> [Work item]
Once the line holding "b180f1113e78d4 2014-15 ORU" appears, repeat it and each line after it to the end of the data, exactly and with nothing else; pictures stay out.

> [Given material]
[Start of section]

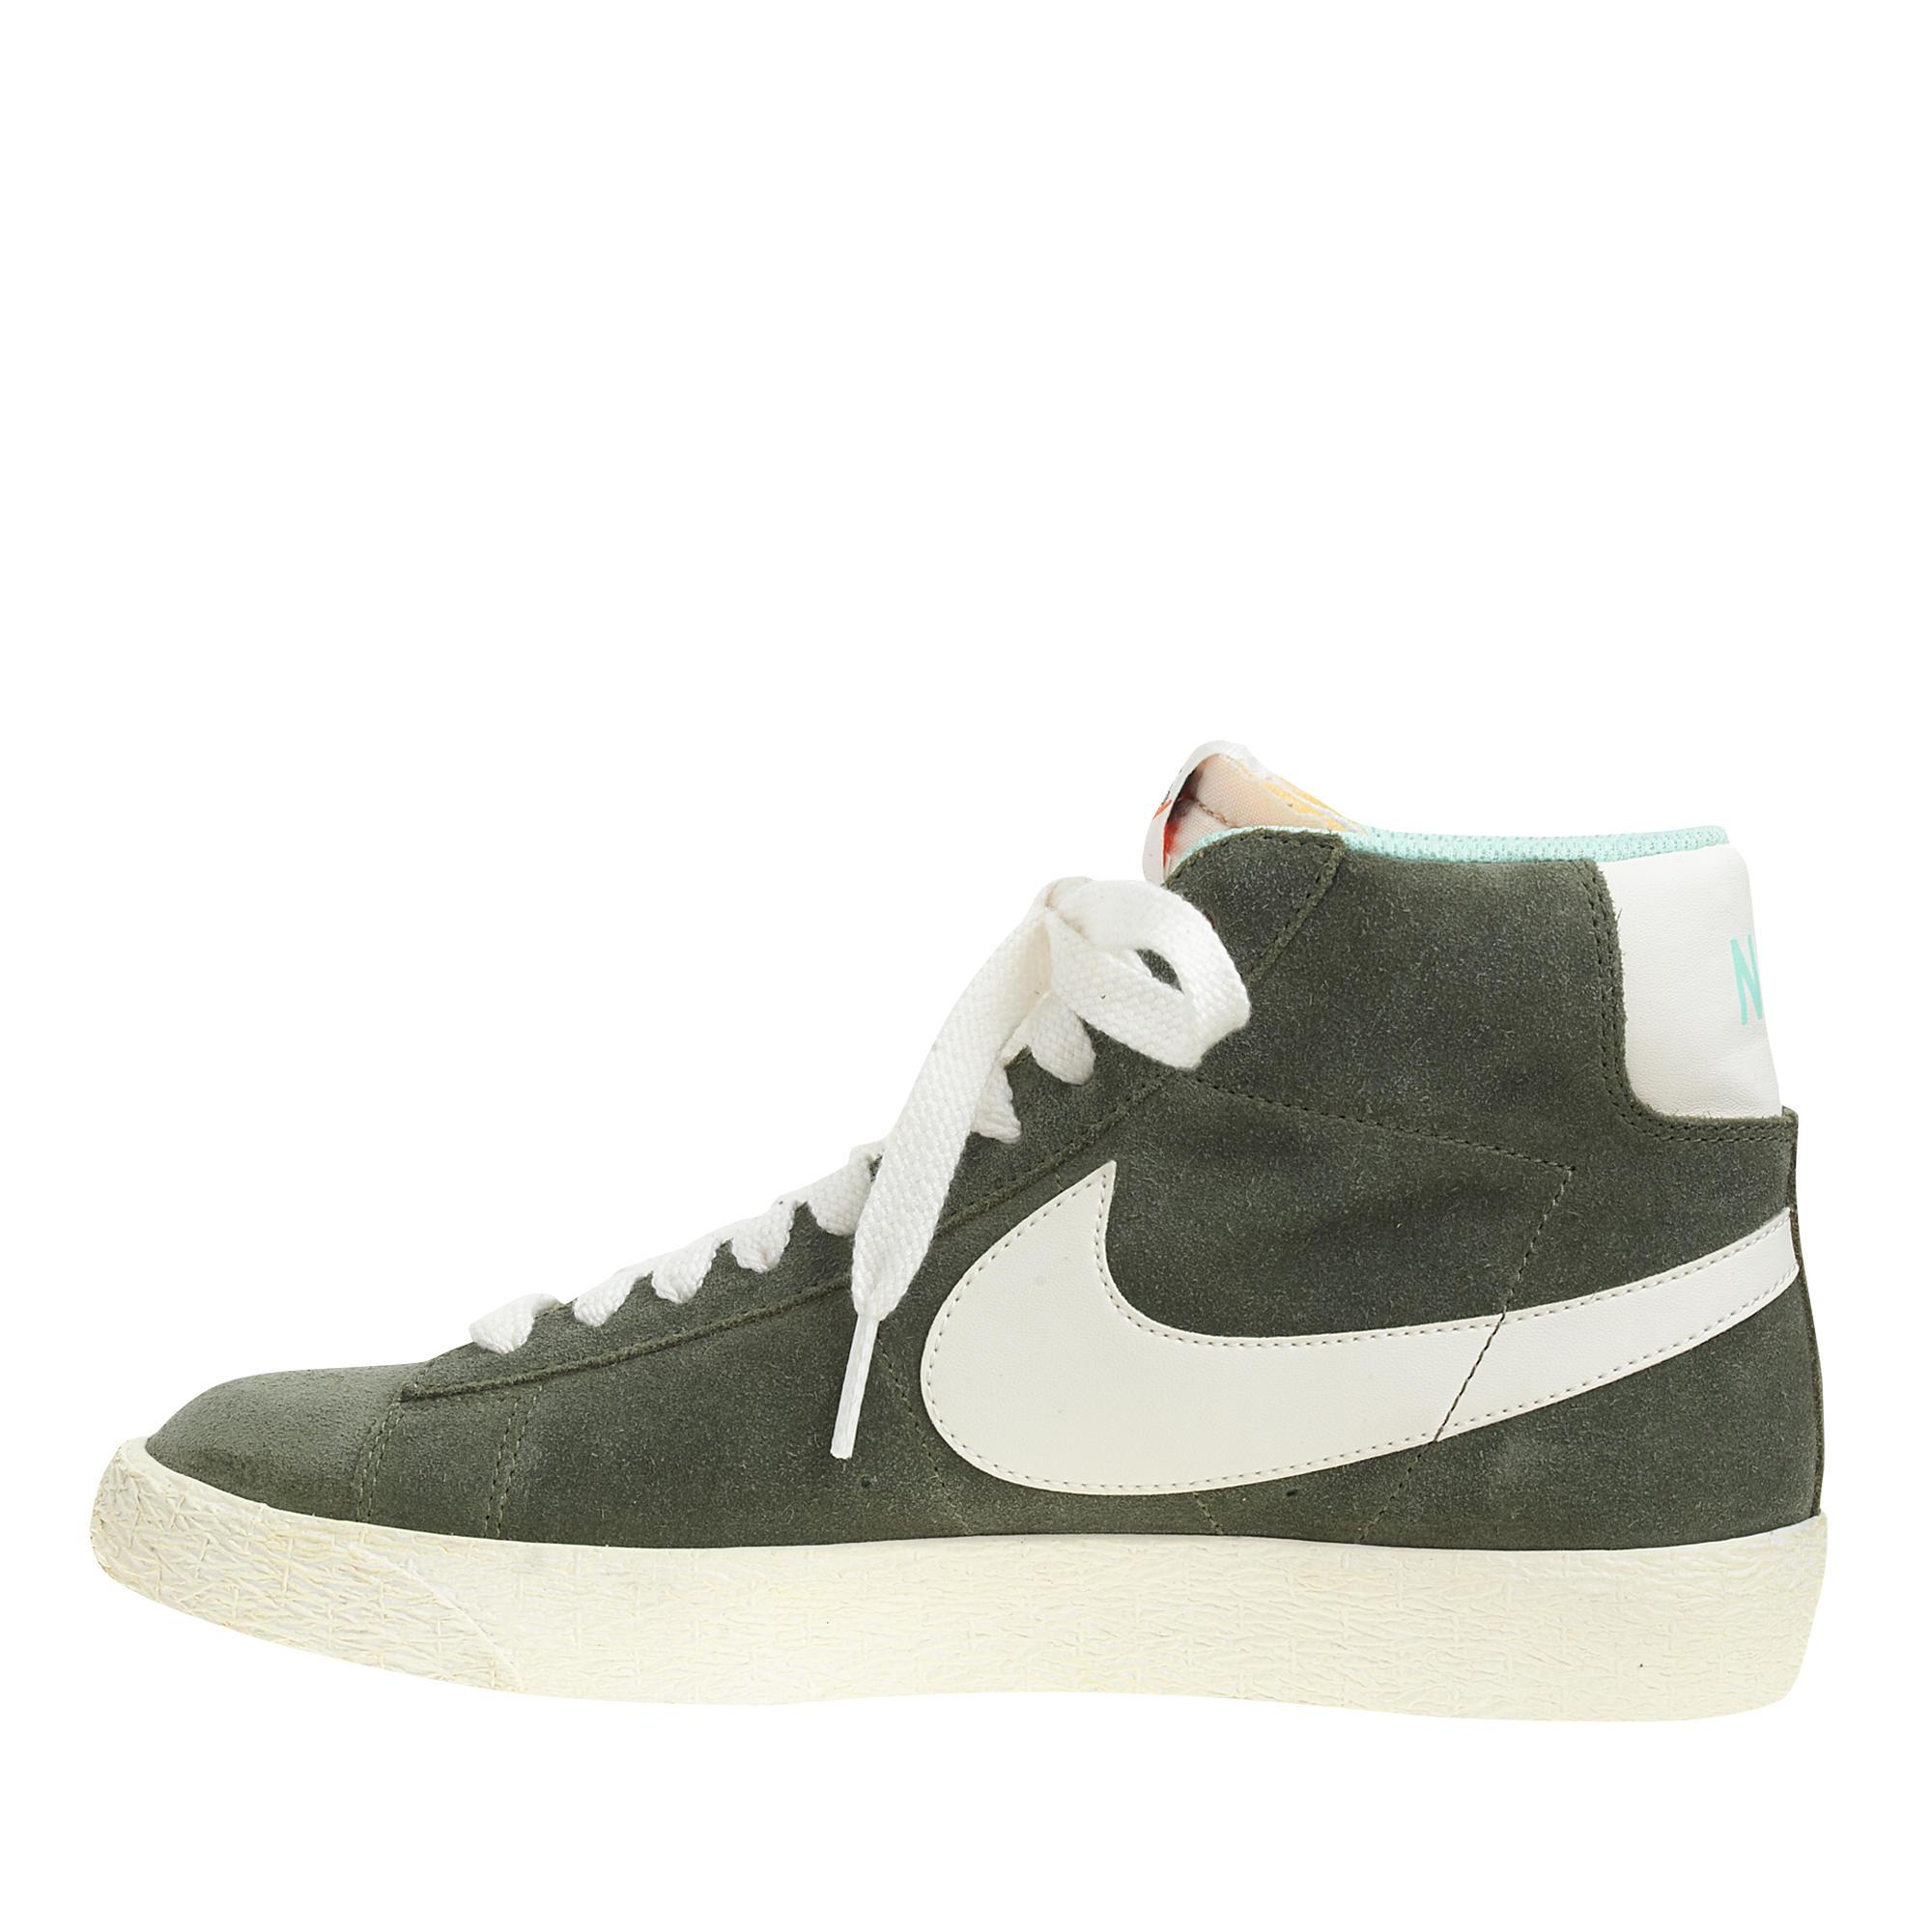 on sale arrives new appearance Women's Nike Suede Blazer Mid Vintage Sneakers
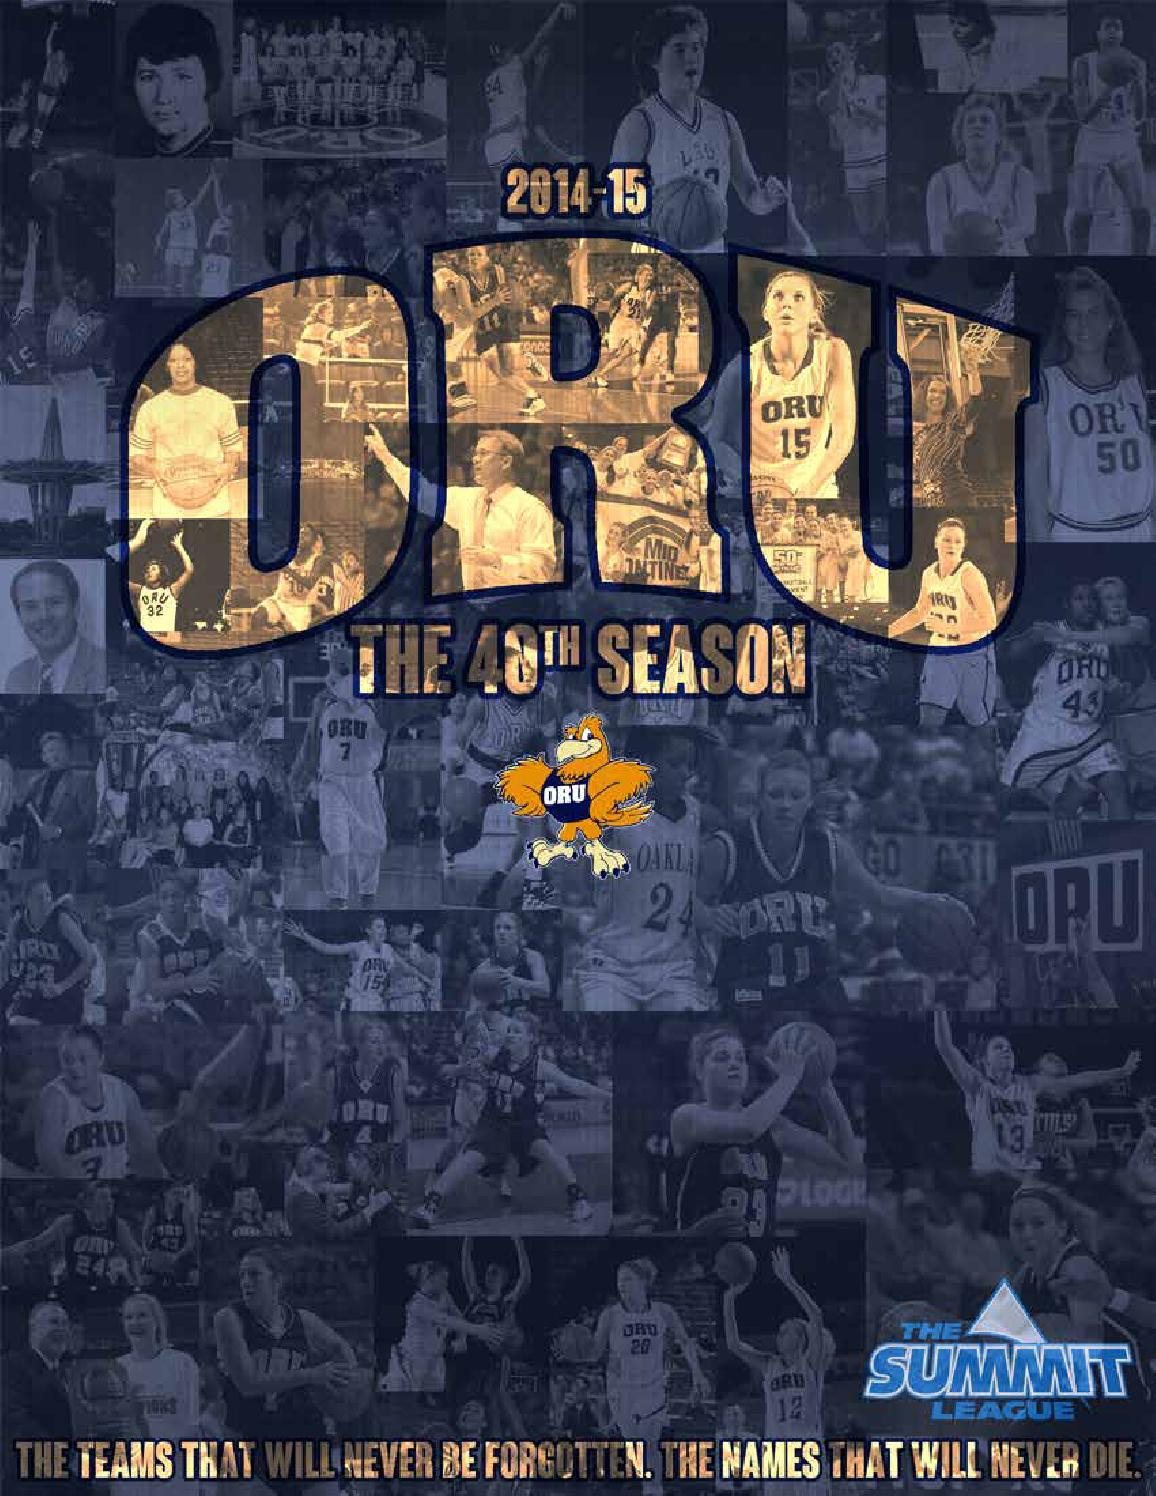 b180f1113e78d4 2014-15 ORU Women s Basketball Media Guide by ORU Athletics - issuu
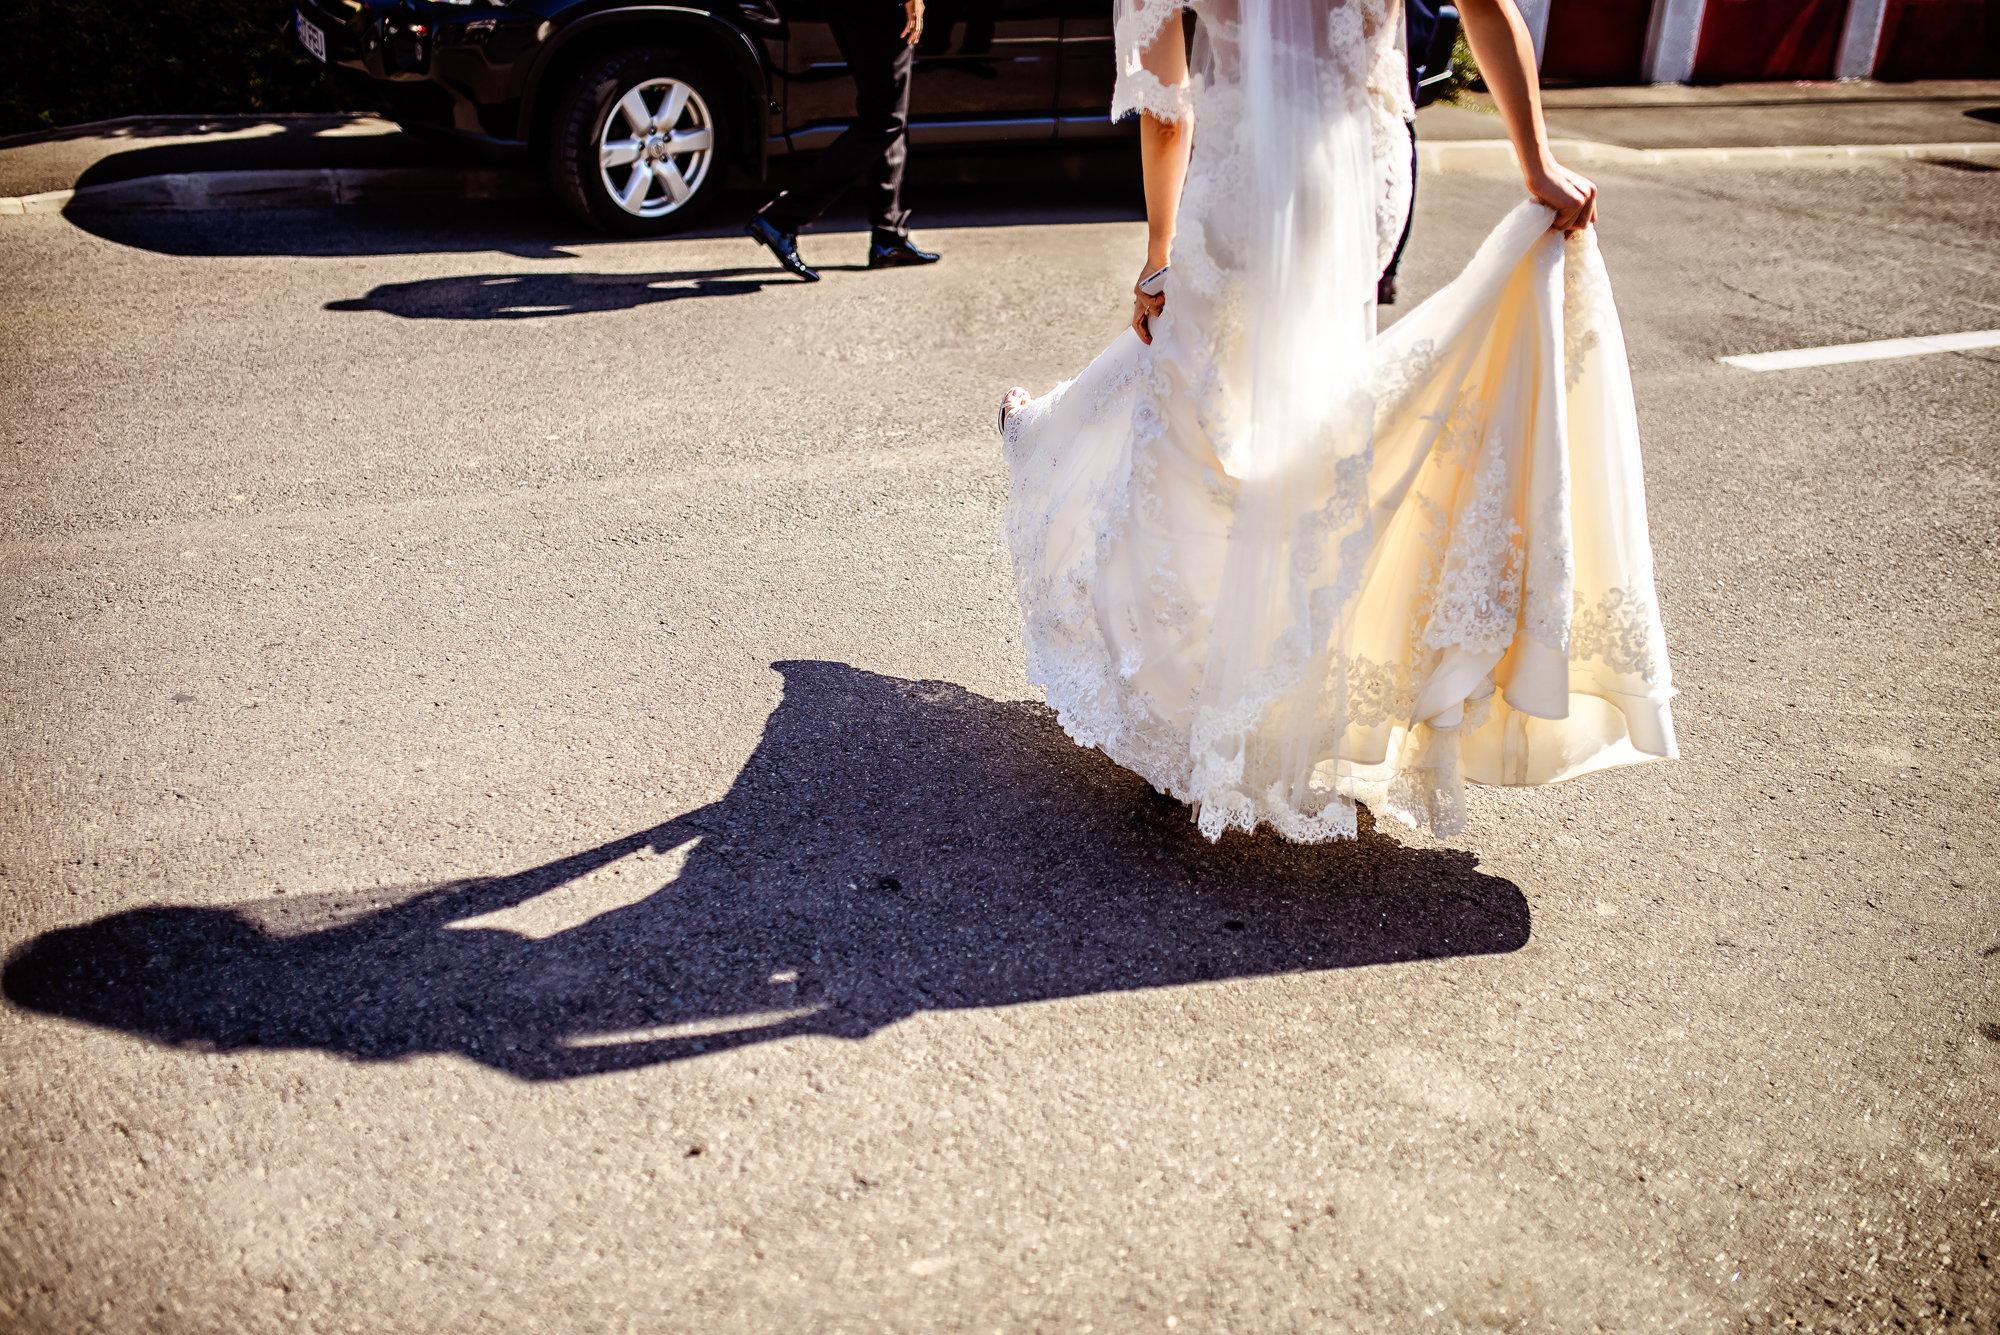 alexandru madalina wedding day 11 1

[End of section]

> [Task result]
 b180f1113e78d4 2014-15 ORU Women s Basketball Media Guide by ORU Athletics - issuu
 alexandru madalina wedding day 11 1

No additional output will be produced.